Propertization, fractionalization and financialization via proxy tokens (we cannot “own” allographic digital images, or own part of autographic paintings without dismembering them, but we can own tokens that we agree to pretend represent these things) promise to support art production using the economic accident of the value of cryptocurrency going to the moon. Quasiproperty without attempts at the costly fantasy of imposing access control via DRM is a form of, or a variation on the idea of, patronage. I feel this complex of ideas should be more useful to critics of the commodity form and capitalism than it has generally been treated as so far. If we still wish to take the opposite tack this leads us to the gift economy or the commons. Copyright is the default state for most art when it is created and is being increasingly restrictively enforced on the net. Opposing it passively or actively through alternative copyright licensing can perform a critique of this and keep space open for alternatives. These strategies needn’t exclude each other though.

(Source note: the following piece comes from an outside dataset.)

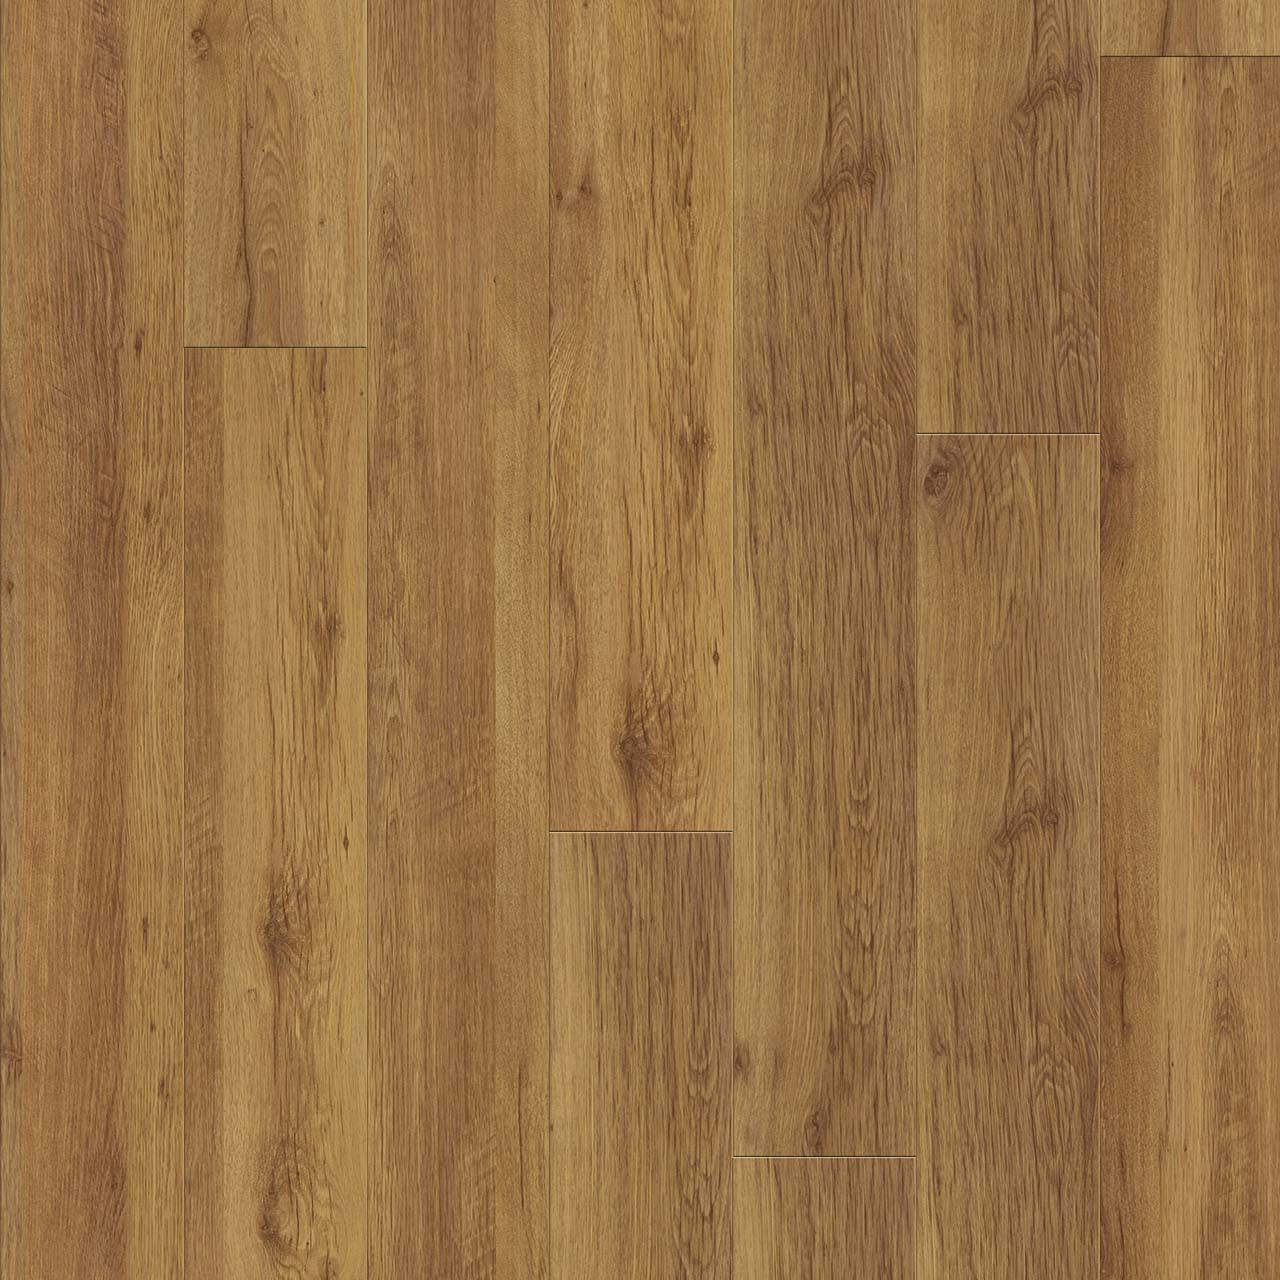 Engineered Floors - Wood Tech Collection - 7 in. x 54 in. - Hemlock Trail

If you are familiar with DAOs, you can see how a system similar to these could become a self-supporting, self-curating DAO. Plantoid is an example of a singular artwork (or family of artworks) produced and exhibited in such a way. Imagine it generalized to a gallery or a participatory art show, a DAO that lets you do art with others, a DAOWO.
These technologies can provide objects for critical exploration that evoke wider contemporary themes. They can function as tools and resources for the creation of art and its social collectivities focussing on these and other themes. Within the existing economy they can provide ways of supporting the arts (as many of the projects mentioned above claim to), which should neither be dismissed reflexively nor accepted without irony. Or they can be used to try to bootstrap a different context entirely, even if only briefly or in the imagination. The various modes of tokenization represent potential ways of making a living in, critiquing, or even transforming the artworld in an era of the continuing expansion of the sphere of private property and financialization under technocapital.